The results show that, on the export side, the more sophisticated a product is, the more its exports tend to increase in response to a given increase in foreign demand, and the more its exports tend to drop for a given appreciation of the real effective exchange rate. On the import side, the more sophisticated a product is, the more its imports tend to increase in response to a rise in domestic demand, although they tend to increase less in response to a given appreciation of the real effective exchange rate. Therefore, the rising sophistication level also points to greater sensitivity of China's exports and trade balance to demand and price fluctuations than in the past.
The contribution of net exports to China's growth has increased significantly in recent years, as reflected in the surging trade surplus as a share of GDP. The analysis above suggests that a significant part of the increase reflects structural changes in the Chinese economy, particularly the rising domestic content of its exports. Moreover, the two key trends described here imply that China has become more vulnerable to external shocks, such as a real exchange rate appreciation or a slowdown in external demand, than is generally assumed. This underscores the need to hasten the rebalancing of China's growth away from potentially volatile net exports toward a more sustainable path driven by domestic demand.

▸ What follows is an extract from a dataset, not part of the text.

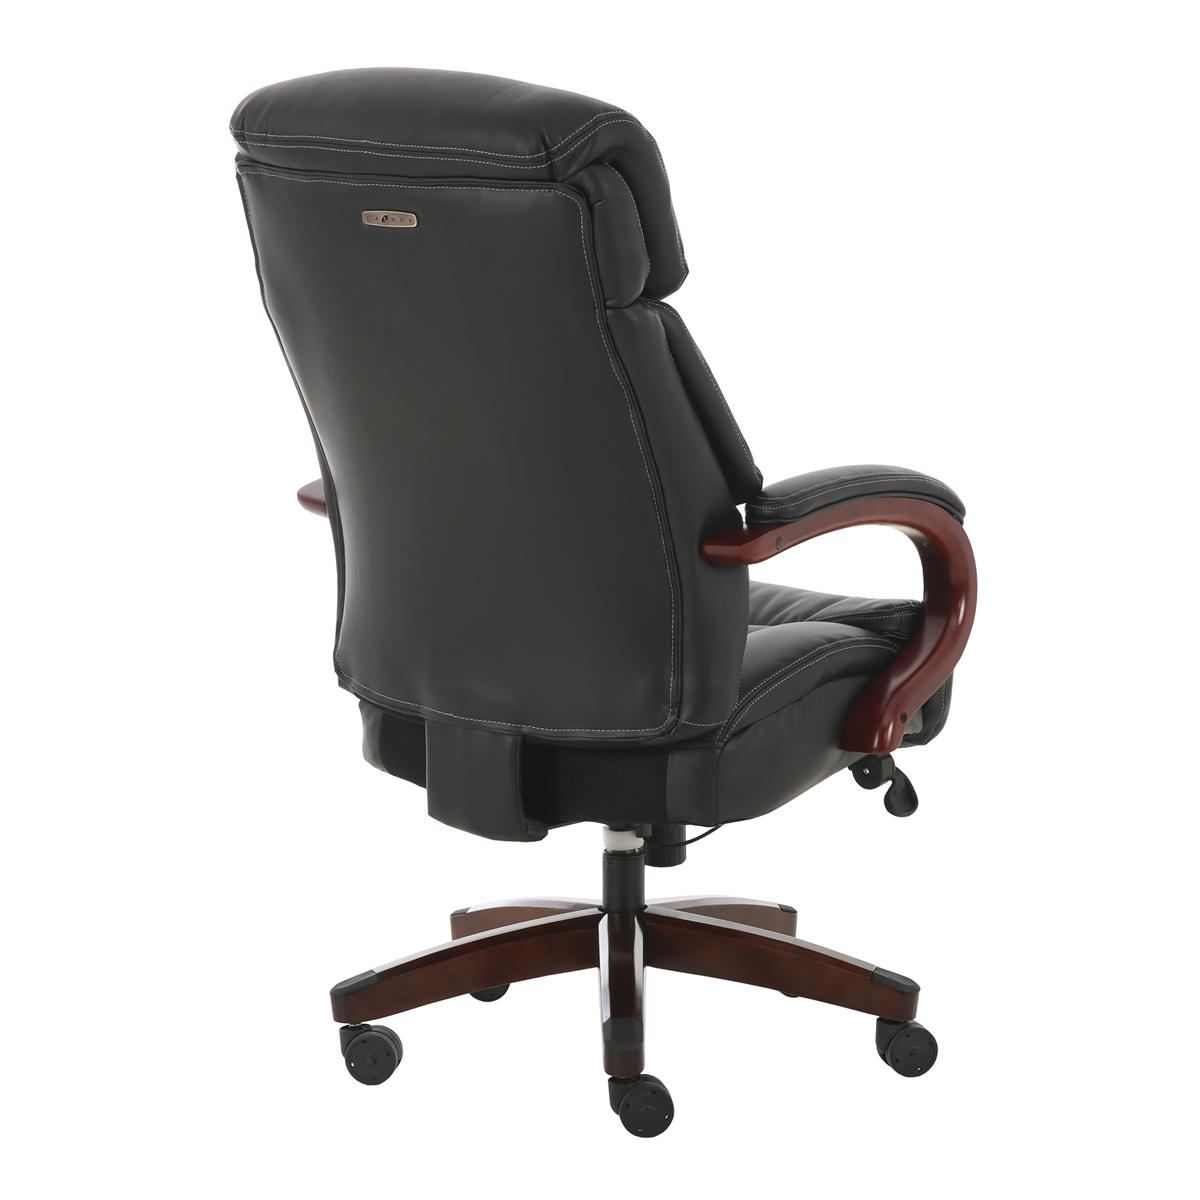 Ergonomic Office Chair High Back Executive Swivel Folding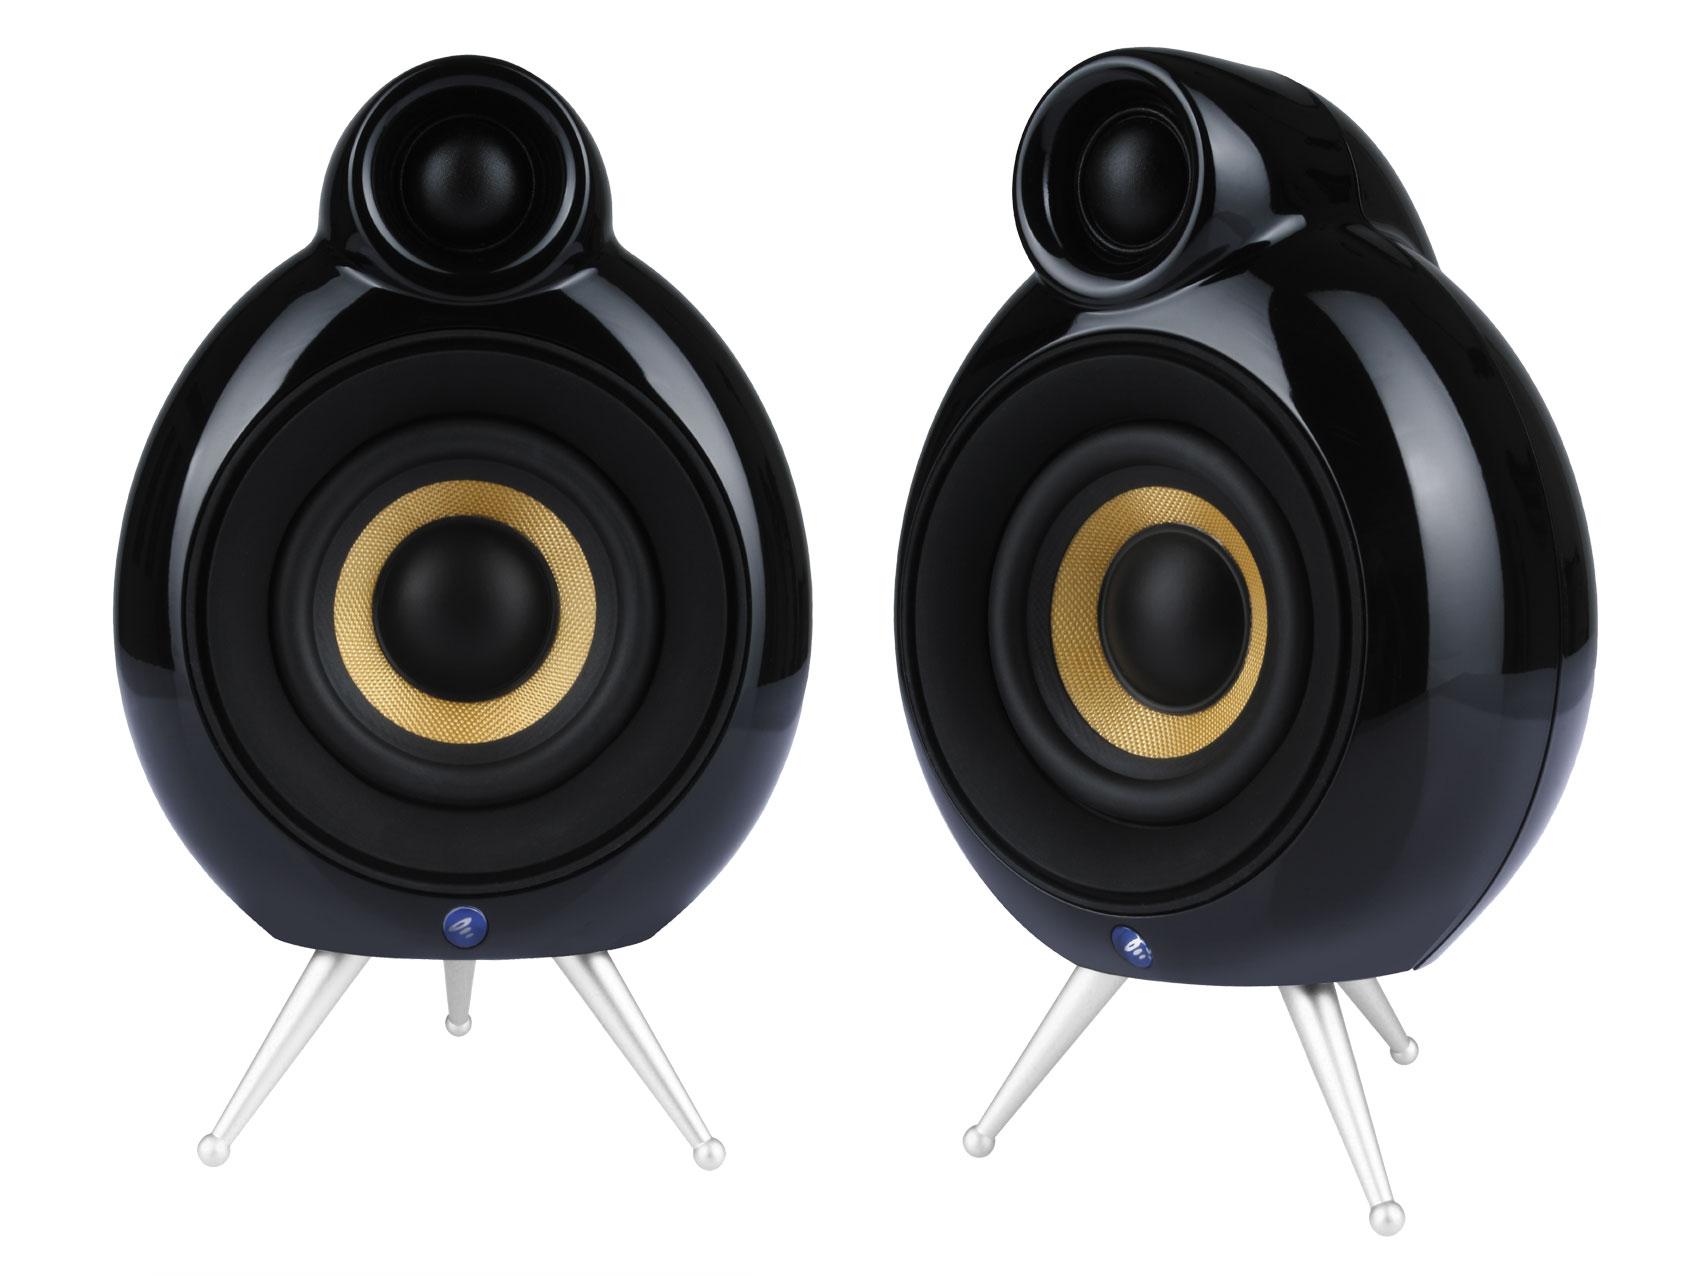 Listenup Podspeakers Micropod Se Black Compact Speaker Single Audioengine Hd6 Cherry 1

The structural changes in China also have important regional implications for trade flows within Asia and the evolution of regional production networks. In recent years, China has displaced the United States as the largest export market for an increasing number of Asian countries. It has also been pivotal in boosting intraregional trade and FDI, particularly in the form of intermediate goods channeled through multinationals as part of cross-border chains. Indeed, intermediate products account for almost three-fifths of the increase in trade within Asia over the past decade. But as China begins to specialize in more parts of the production chain, its imports of intermediate goods from the region could start to fall.
On their own, these trends could decrease intraregional trade links. However, the potential expansion of China's domestic market creates opportunities for the regional economies, for example, to produce higher-tech goods that China is unlikely to be able to produce domestically in the near future. These developments highlight the need for regional economies to advance their technological innovation and move up the quality chain. At the same time, to the extent that China's comparative advantage evolves and its labor costs rise as a consequence, the lower-income countries in Southeast Asia could take China's place at the lower end of these networks.